Despite this, 3,716 antisemitic incidents in two years. Synagogues attacked. Fifteen murdered at Bondi. Their response: ban protest slogans. Lawfare against journalists.

• • •

Australia has navigated existential challenges before without importing foreign ideological frameworks to do it. The Communist Party dissolution case, where the High Court told Menzies that even Cold War fears don’t justify banning political parties. Native title, where the country confronted 200 years of dispossession through law, not suppression. Port Arthur, where 35 people died and the gun laws changed in twelve days. Each time, the institutions held because Australians trusted the process—not because lobby groups rewrote the rules.

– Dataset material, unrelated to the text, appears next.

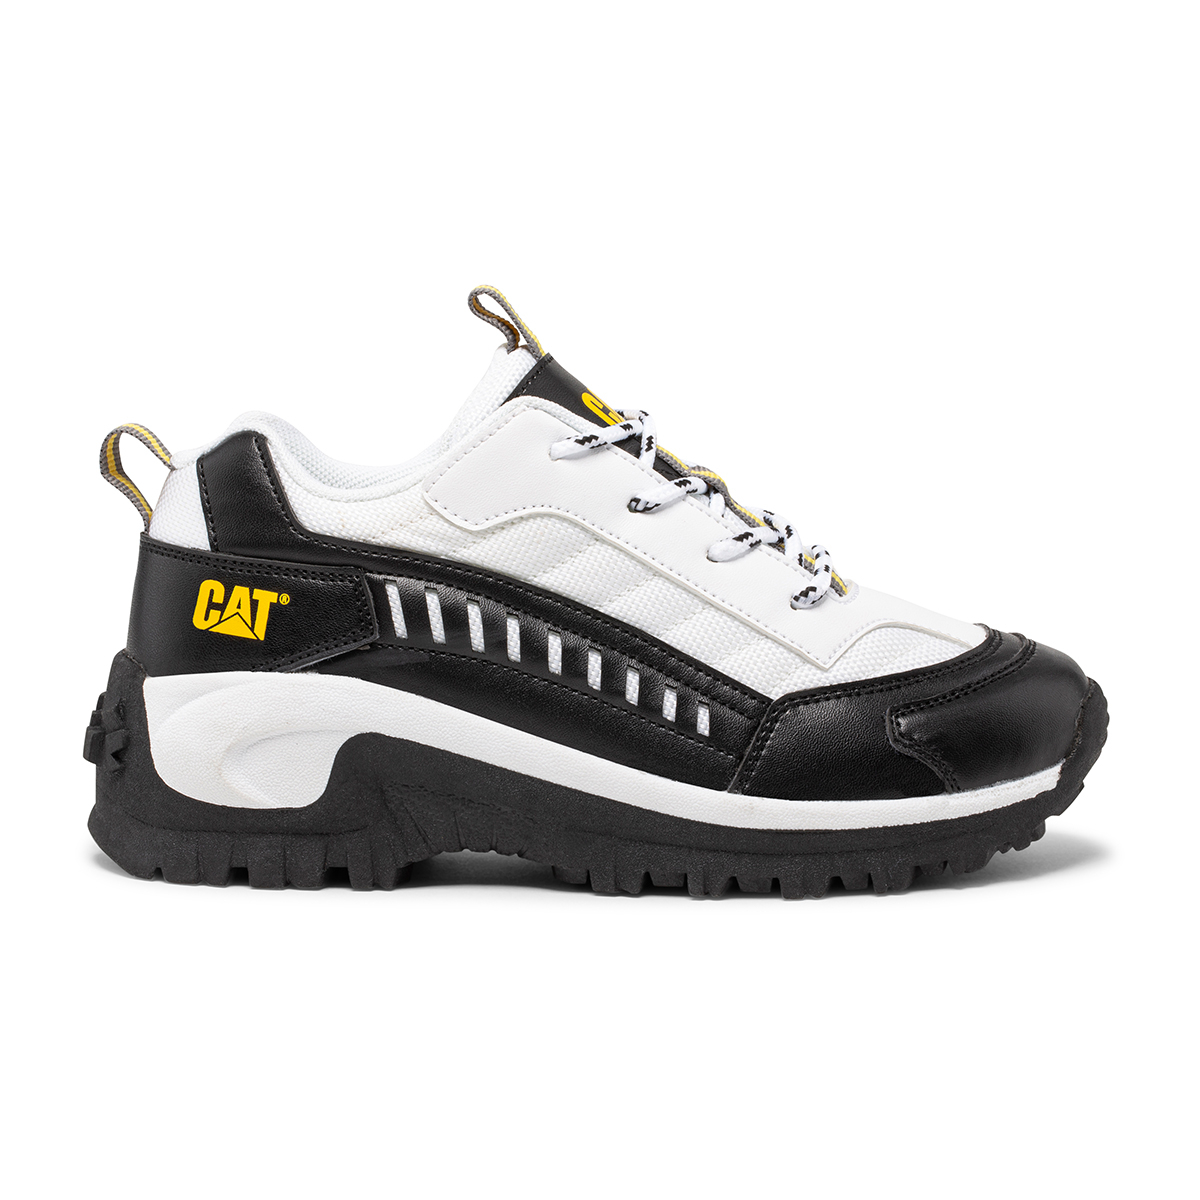 Caterpillar Shoes Online - Caterpillar Intruder Kids Sneakers White/Black (706834-SEH)

And when it mattered, Australians looked after each other. After the Lindt Cafe siege, #IllRideWithYou trended worldwide—ordinary people offering to sit with Muslim commuters so they wouldn’t travel alone. In the Black Summer fires, volunteer firefighters left their own homes burning to defend their neighbours’. In Lismore, tinnies turned up before the SES did.

None of that required a $91 million Royal Commission. None of it required speech bans, suppression orders, or lawfare.

Foreign wars and theological debates about Zionism do not need to infect that process.

So who is this strategy actually for?